Dutch composer and musicologist (1892–1959)

Curt Rudolf Mengelberg (1 February 1892 – 13 October 1959) was a German-born Dutch composer and musicologist. From 1925 he was the artistic leader of Het Concertgebouw N.V., the company that ran Amsterdam's main concert hall, and from 1935 to 1955 its general director. He was a cousin of the conductor Willem Mengelberg.

Mengelberg studied law and then musicology. He took a doctorate at Leipzig in 1915 with a dissertation on the Italian composer Giovanni Alberto Ristori. He joined the Concertgebouw in 1917 and organised the Mahler Festival held in Amsterdam in 1920. He stayed in his post during the German occupation of the Netherlands. In 1945 he was removed from office, and in 1947 the Central Honour Council reinstated him. He left the Concertgebouw in 1955, after the concert-hall company and the orchestra were split into two organisations, and settled near Monte Carlo, where he died in 1959. He wrote mainly vocal and sacred music.
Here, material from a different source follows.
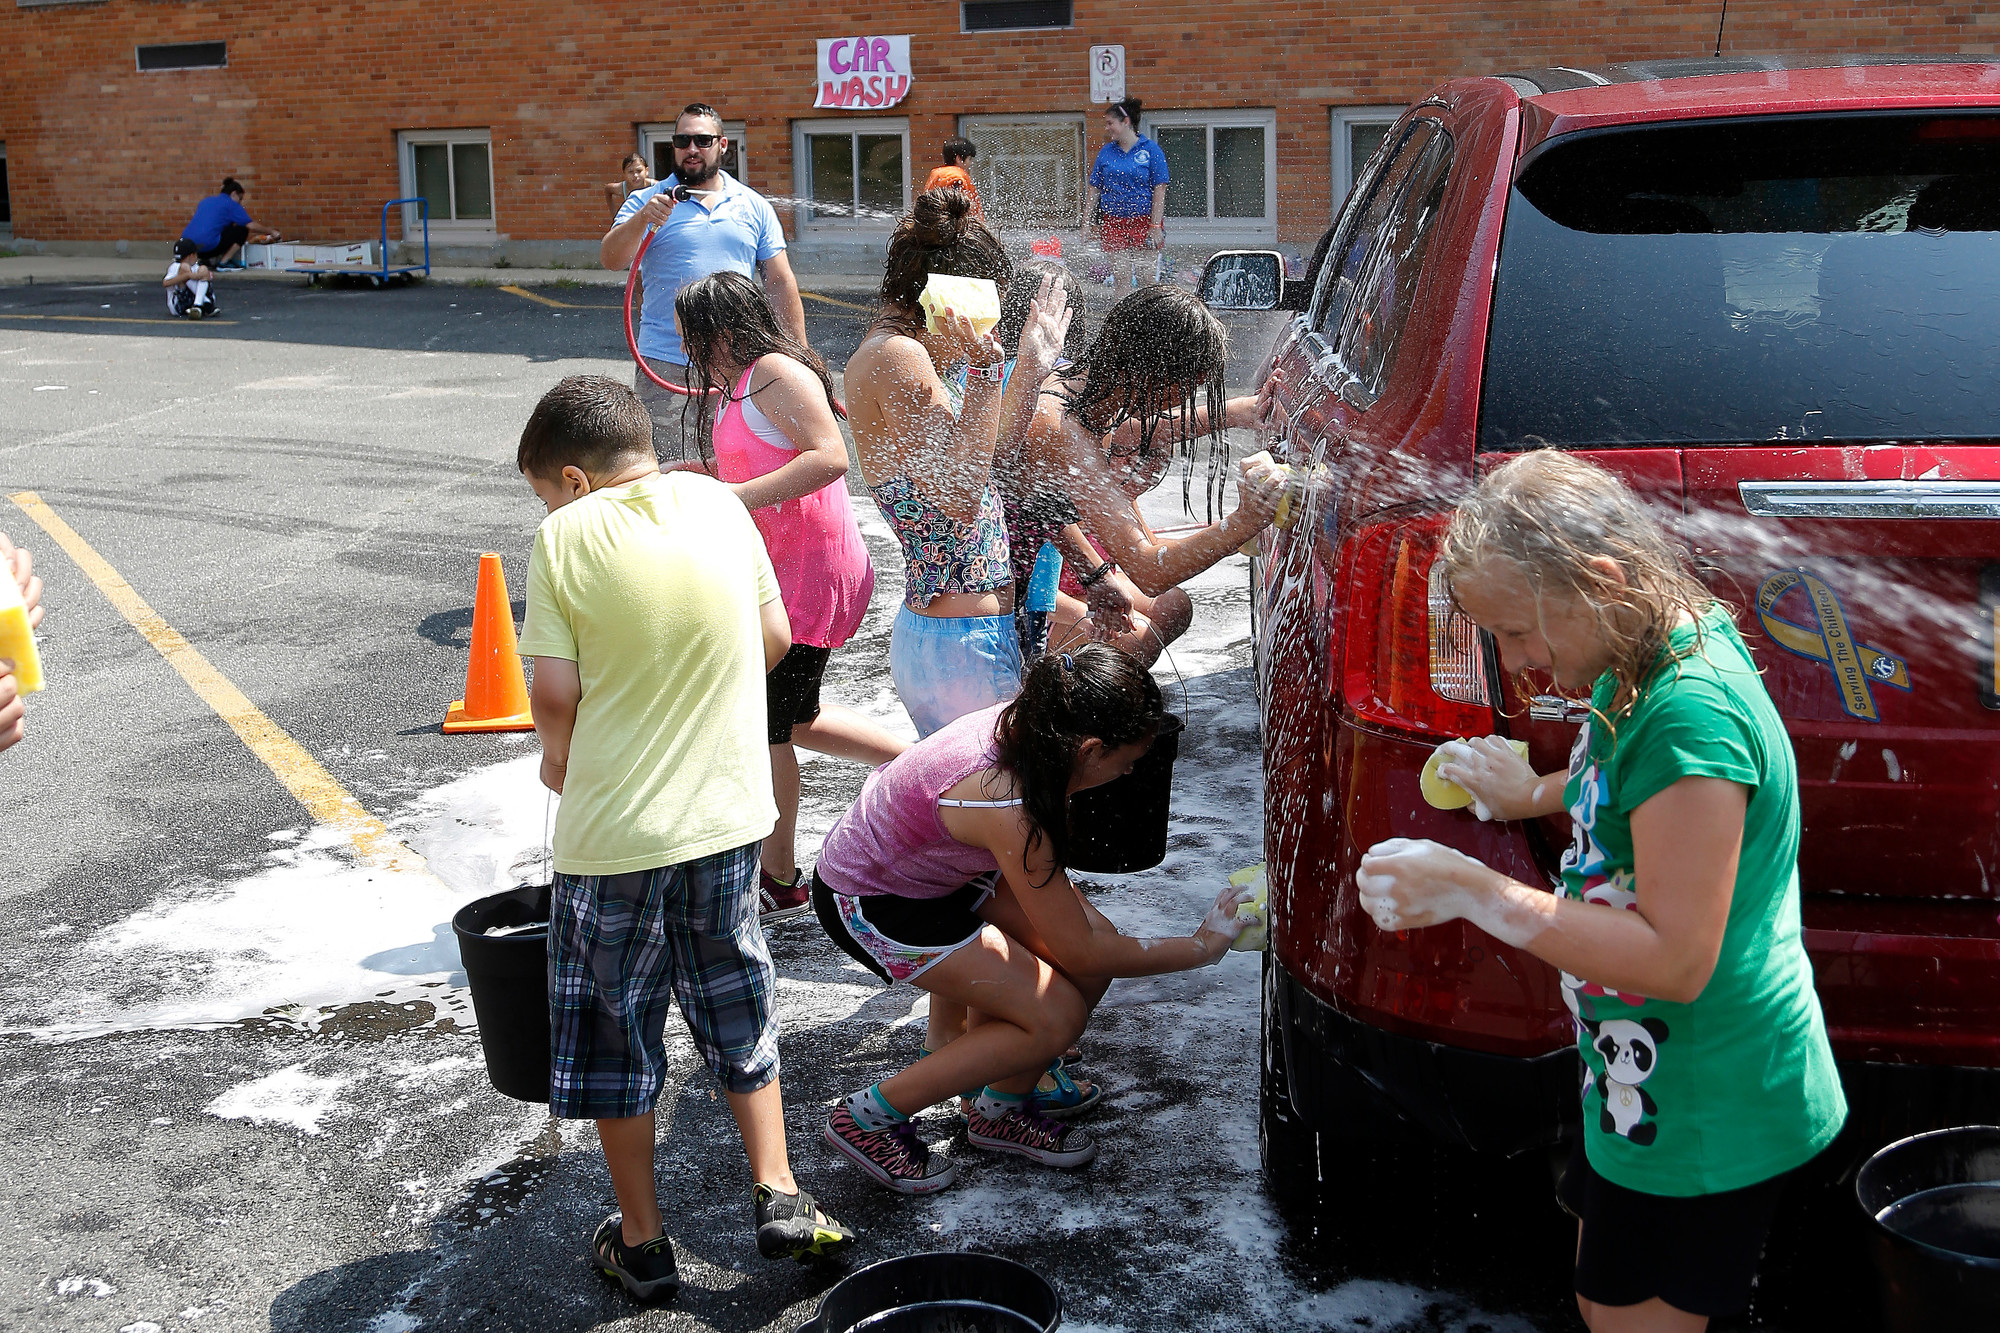 Volunteers from the Extended Playground Camp, along with the car they are washing, entered the rinse cycle.

== Early life and education ==

Mengelberg was a cousin of the conductor Willem Mengelberg, who led the Concertgebouw Orchestra for almost half a century. The two were distantly related. He first studied law, in Geneva, Munich and Bonn, and then musicology at Leipzig, where his teachers included Hugo Riemann and, for piano, Otto Neitzel. In 1915 he took a doctorate under Riemann with a dissertation on the Italian Baroque composer Giovanni Alberto Ristori. It was the first study of that composer and was published in 1916. He then went to Amsterdam to finish his training, studying composition with Cornelis Dopper and instrumentation with Willem Mengelberg.

== Career at the Concertgebouw ==

Mengelberg joined Het Concertgebouw N.V., the company running the Amsterdam concert hall, in 1917. He became artistic leader in 1925 and general director in 1935. In 1920 he organised the Mahler Festival in Amsterdam and compiled its commemorative book. He also organised a festival of French music in 1922 and one of Dutch music in 1935, set up the Concertgebouw chamber-music series, and wrote the notes for the hall's concert programmes.
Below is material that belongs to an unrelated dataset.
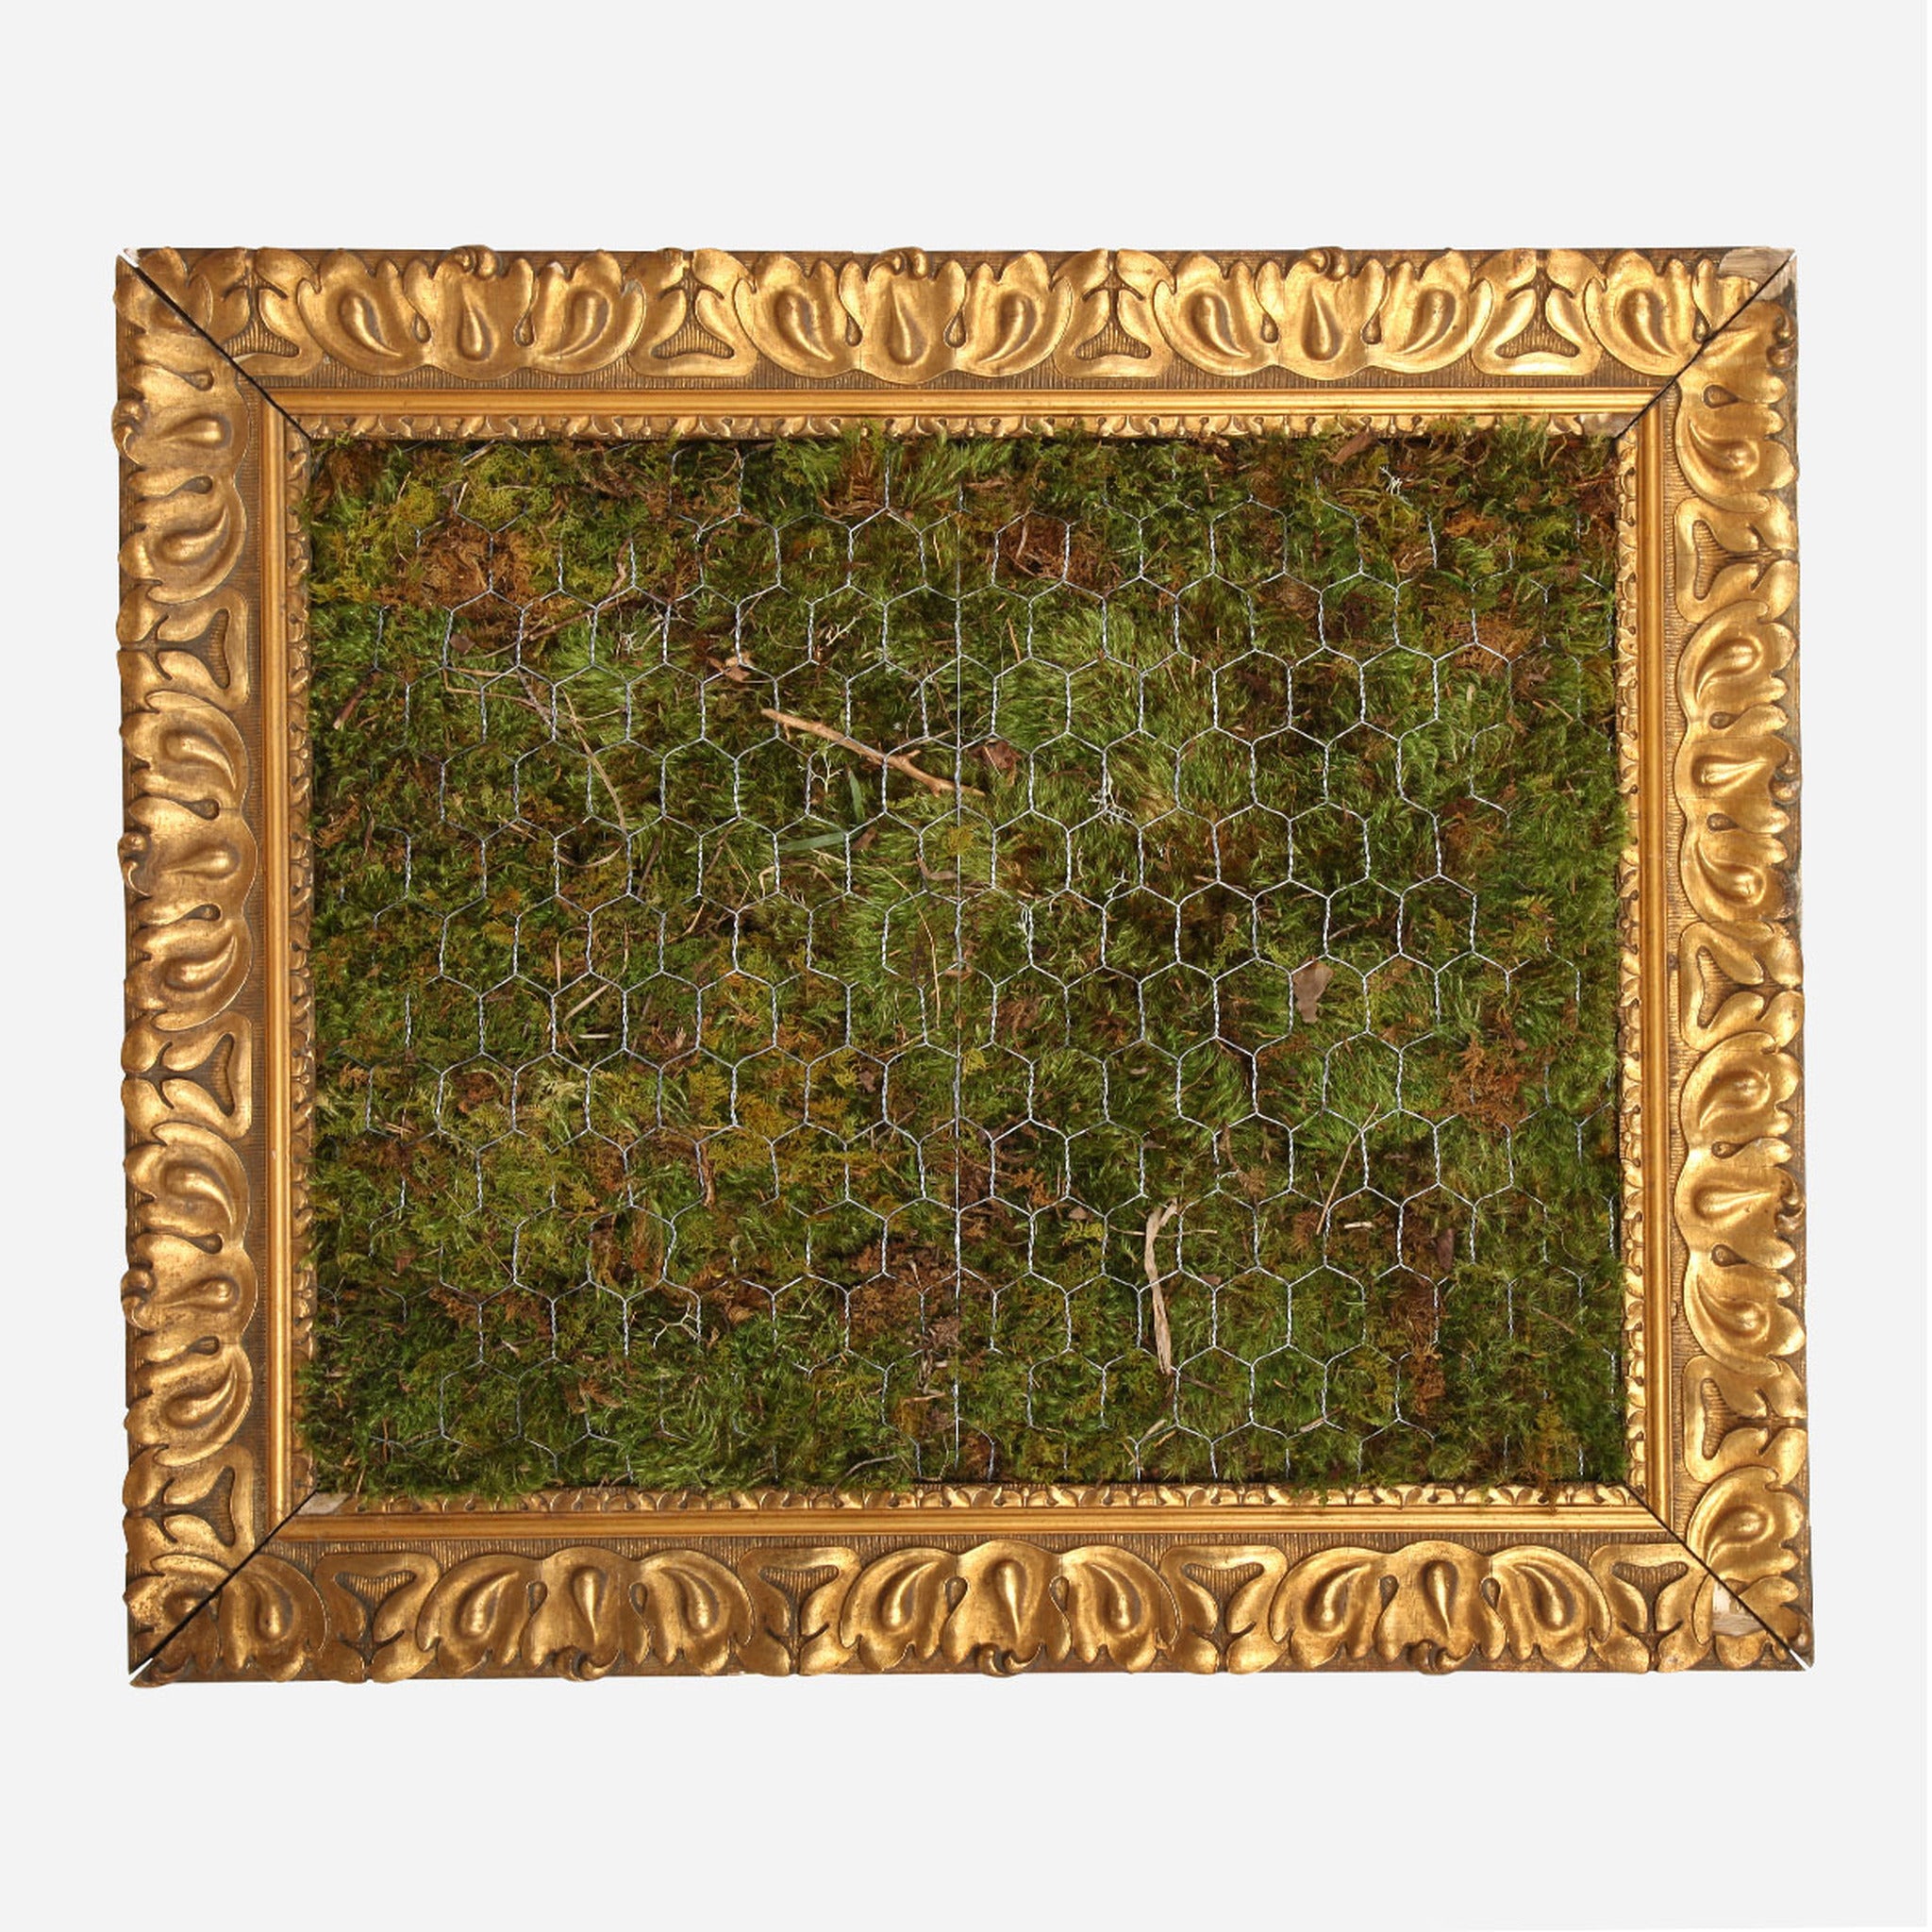 Living Wall Moss Frame by Bobo Intriguing Objects

Mengelberg remained in his post during the German occupation of the Netherlands. His conduct was assessed after the liberation and he was removed from office in 1945. The Central Honour Council (Centrale Ereraad) reconsidered the case and reinstated him in a ruling of 28 January 1947, stating that his pro-Dutch and anti-National-Socialist attitude was not in doubt. Paul Cronheim, a Concertgebouw board member who wrote Mengelberg's biographical memoir, recorded that Mengelberg had supported Jewish friends and orchestra members during the occupation.
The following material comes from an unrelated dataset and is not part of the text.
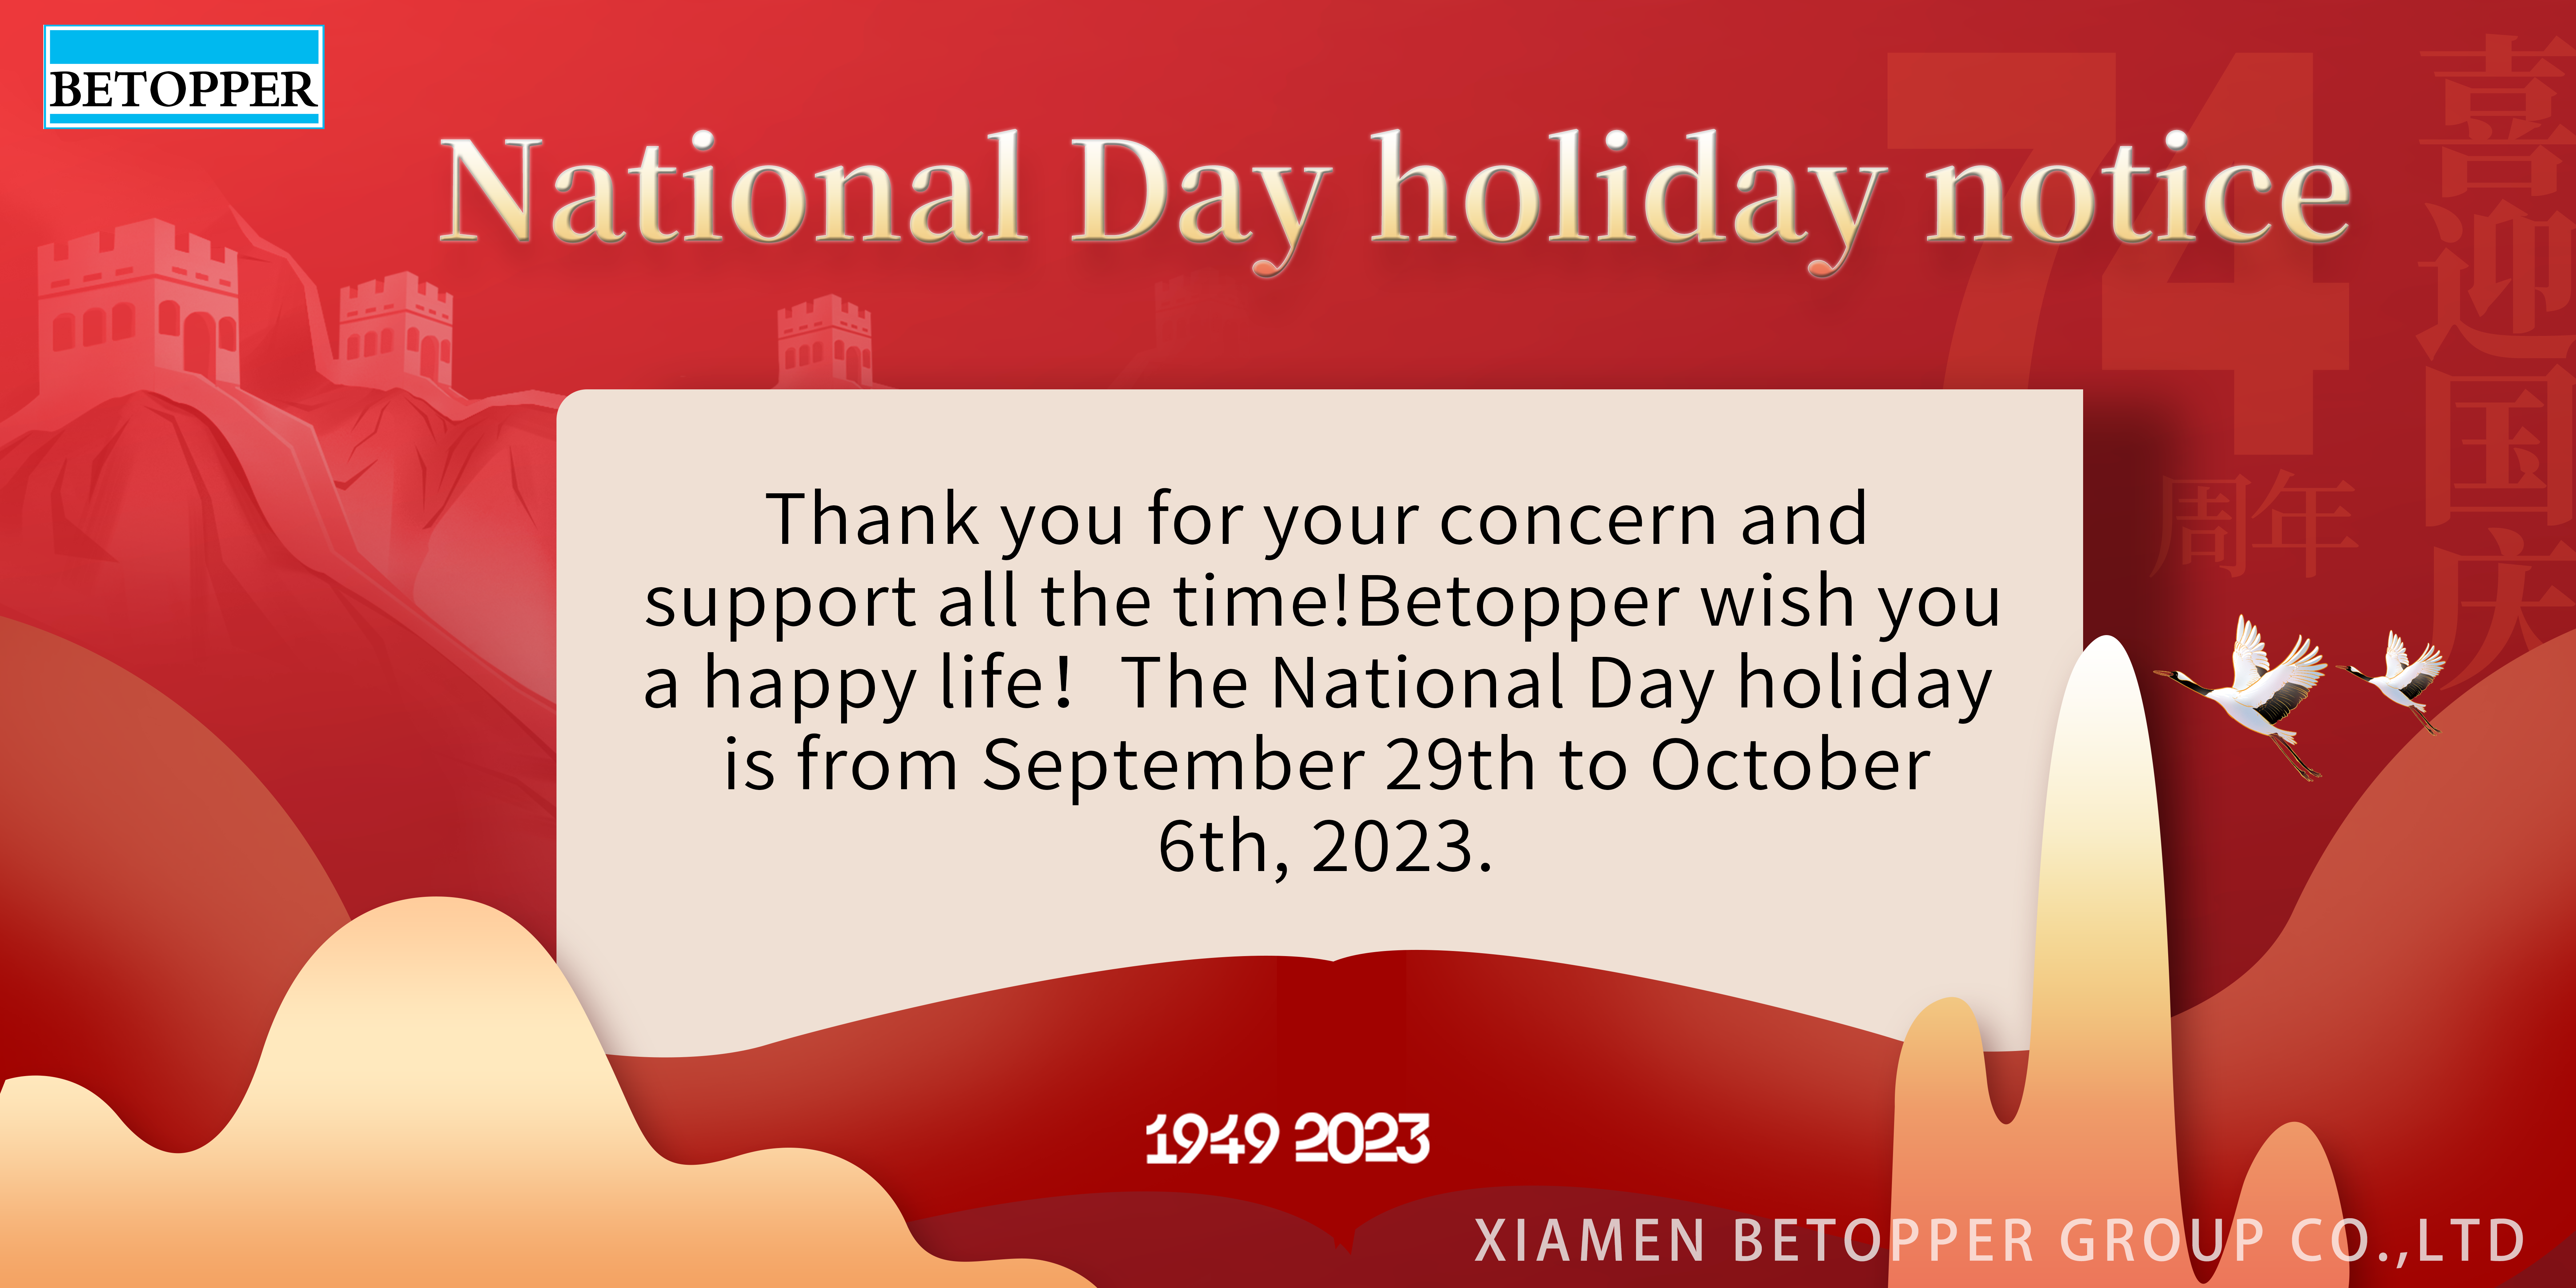 Betopper Group Mid-Autumn National Day Holiday Notice

In the mid-1950s the concert-hall company and the orchestra were split into two organisations. Mengelberg left his post and the Netherlands, and settled in Beausoleil, near Monte Carlo, where he died in 1959.

== Compositions ==

Mengelberg started composing in his twenties, writing songs and chamber music. Vocal music stayed at the centre of his work, and as a practising Catholic he wrote more and more sacred music. His Requiem (1924), a setting of his own text for solo voice and orchestra, was first performed by the Concertgebouw Orchestra under Willem Mengelberg in December 1924. His cantata Weinlese won a composition competition held by the Society for the Advancement of Music (Maatschappij tot Bevordering der Toonkunst) for its centenary and was first performed in March 1930. His other works include the Missa pro Pace (1932), the Stabat Mater (1941), the Magnificat (1942) for alto and orchestra, the Salve Regina, the Symfonische variatie for cello and orchestra (1927), the Victimae Paschali Laudes, the Hymne op Amstelredam and the Ballade van de boer. According to Cronheim, his music was closest to Schubert and also showed the influence of Mahler, whose work he promoted. Willem Mengelberg, who never recorded any of his own compositions, did record his cousin's Salve Regina.

== Writings ==

In 1923 Mengelberg published a biography of Mahler. He wrote the notes for the Concertgebouw's concert programmes and several books on the cultural history of music, among them Muziek, Spiegel des Tijds (1948).